2. Architecture and Platforms
From a technical point of view the LAURIN System can be regarded as consisting of a data repository, i.e. a relational database (Retti 2003), an image repository, i.e. a hierarchical file system holding files with image data and OCR text, a scanning and clipping station for data acquisition, and an application server, providing all necessary tools to work with the clipping archive's data. The database has been implemented in Oracle, although it should be rather easy to migrate to an Open Source equivalent like PostgreSQL. Due to the architecture the database server can be separated from the image repository as well as from the application server. The application server is web-based, therefore any current web-browser on a client computer may be used with the system regardless of the operating system of the client computer. The LAURIN Interface Suite is written in Perl (Wall et al., 1996) and runs under the Apache HTTP Server (cf. http://httpd.apache.org). Linux is used as the development environment, the production environment at the University of Innsbruck runs partly under Sun Solaris.

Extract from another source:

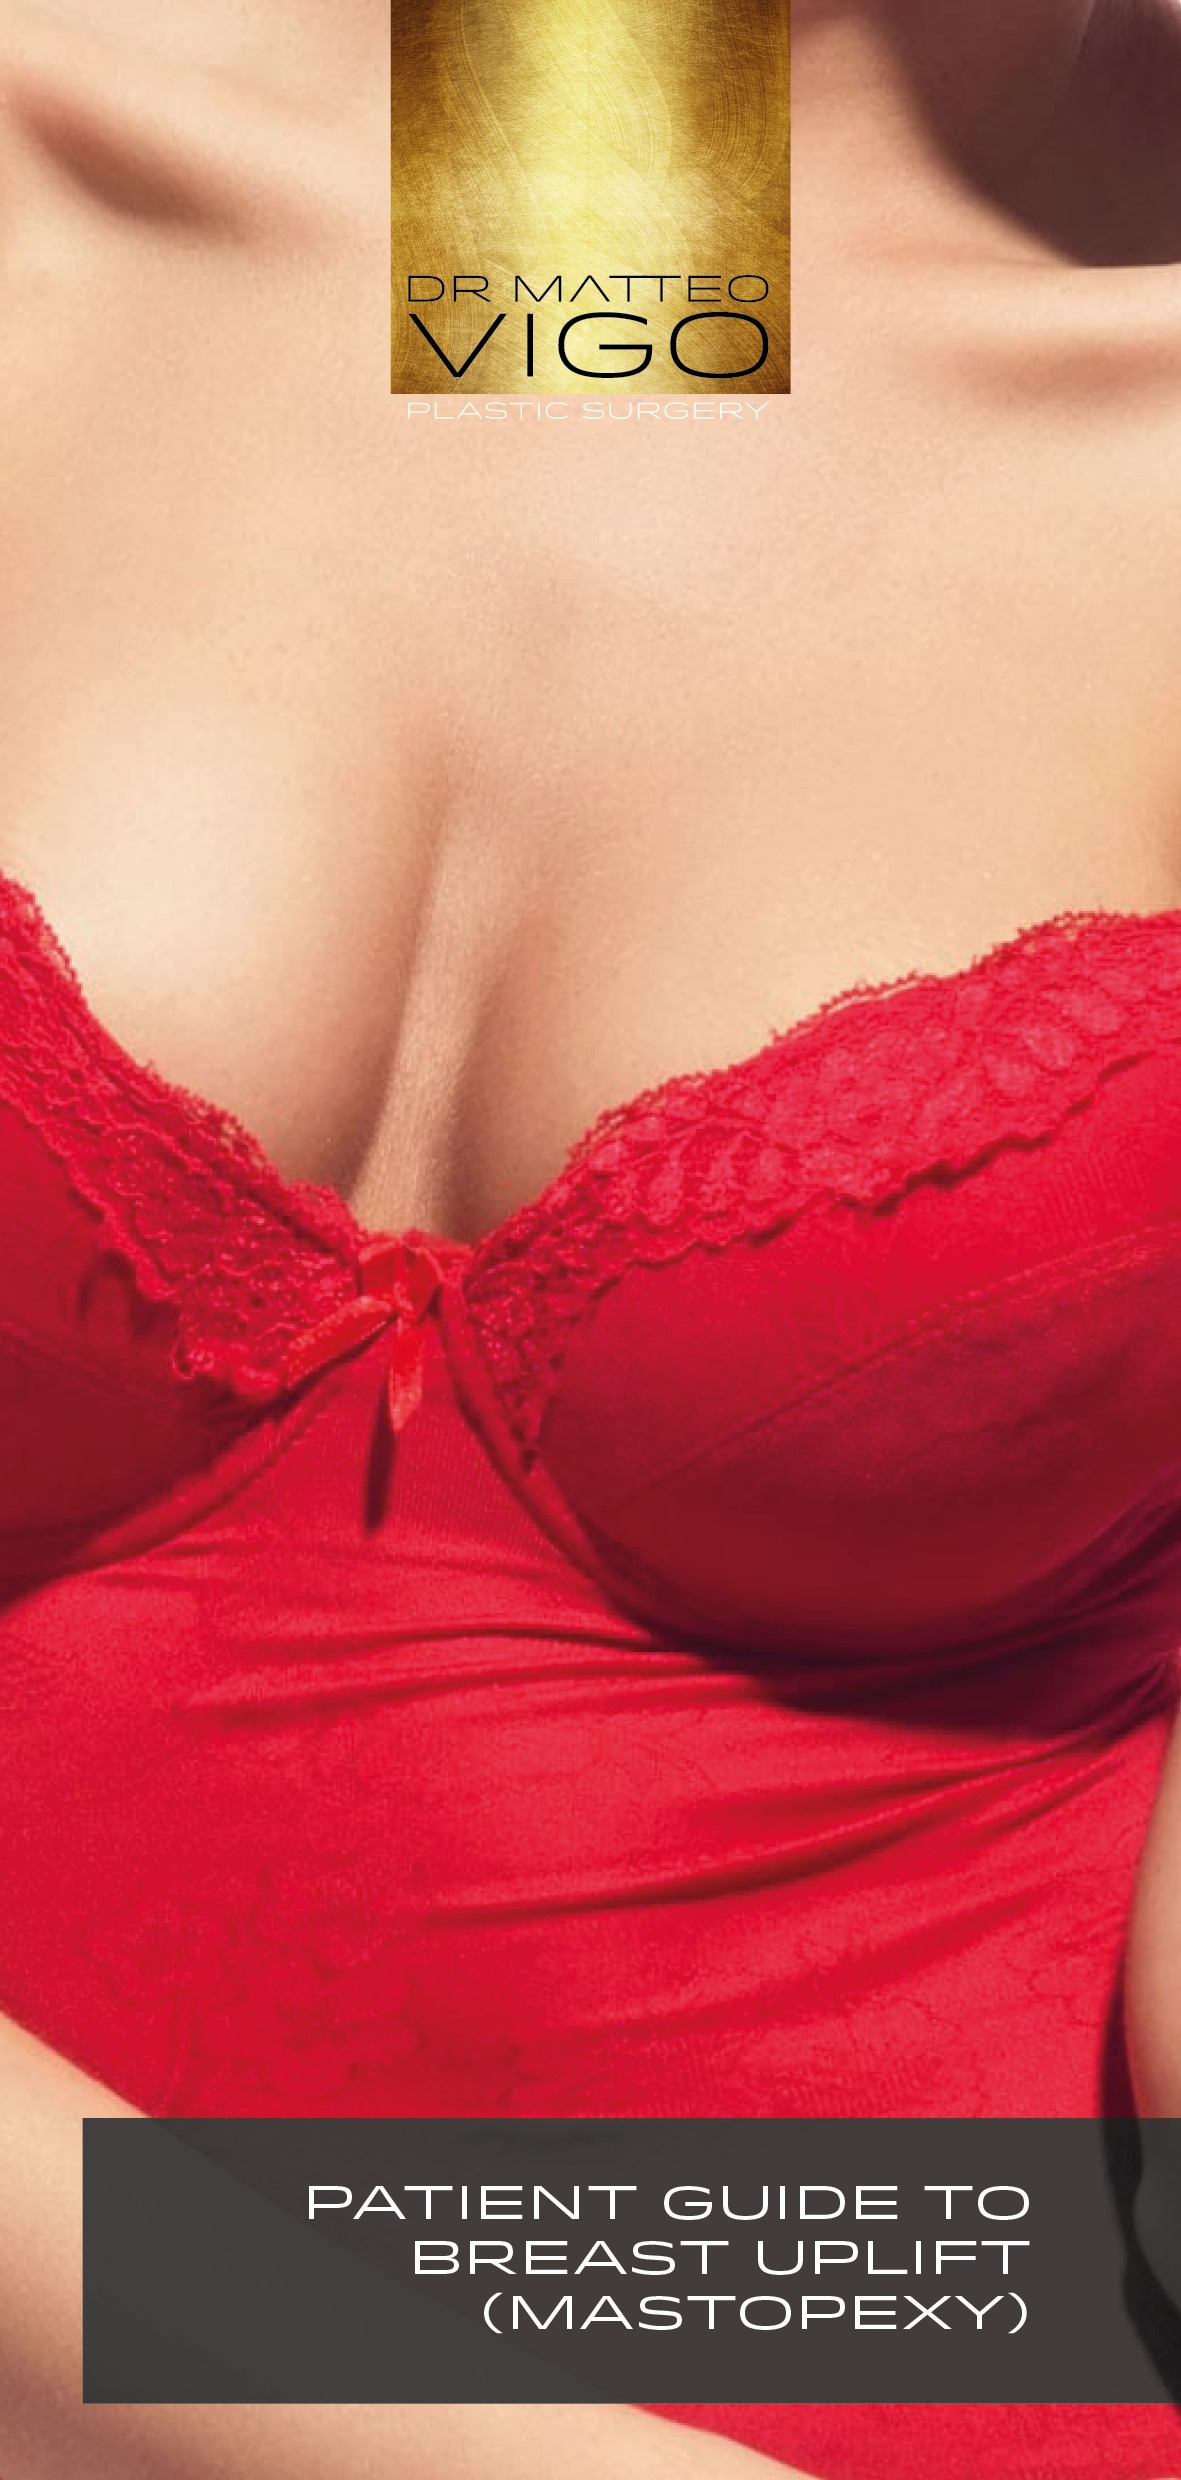 A Patient Guide to Breast Uplift (Mastopexy)

3. Indexing Workflow and Indexing Tools
During the analysis conducted in the LAURIN project (Habitzel & Retti, 1999) two major steps in the indexing process have been isolated and described in detail: bibliographic indexing and content indexing. Bibliographic indexing refers to the exact description of the object in question, i.e. the clipped article, and the required meta-data can usually be found on the object itself. The only exception may be the author's name, which--although depending on the newspaper or journal as well as on national traditions--may appear in an abbreviated form or as a pseudonym. Content indexing, on the other hand, should be understood as a description of the content of the article by determining its text type, e.g. "news: breaking news" or "opinion: editorial", and by associating the article to keywords from the LAURIN Thesaurus (Retti, et al. 2000; Retti & Stehno 2003).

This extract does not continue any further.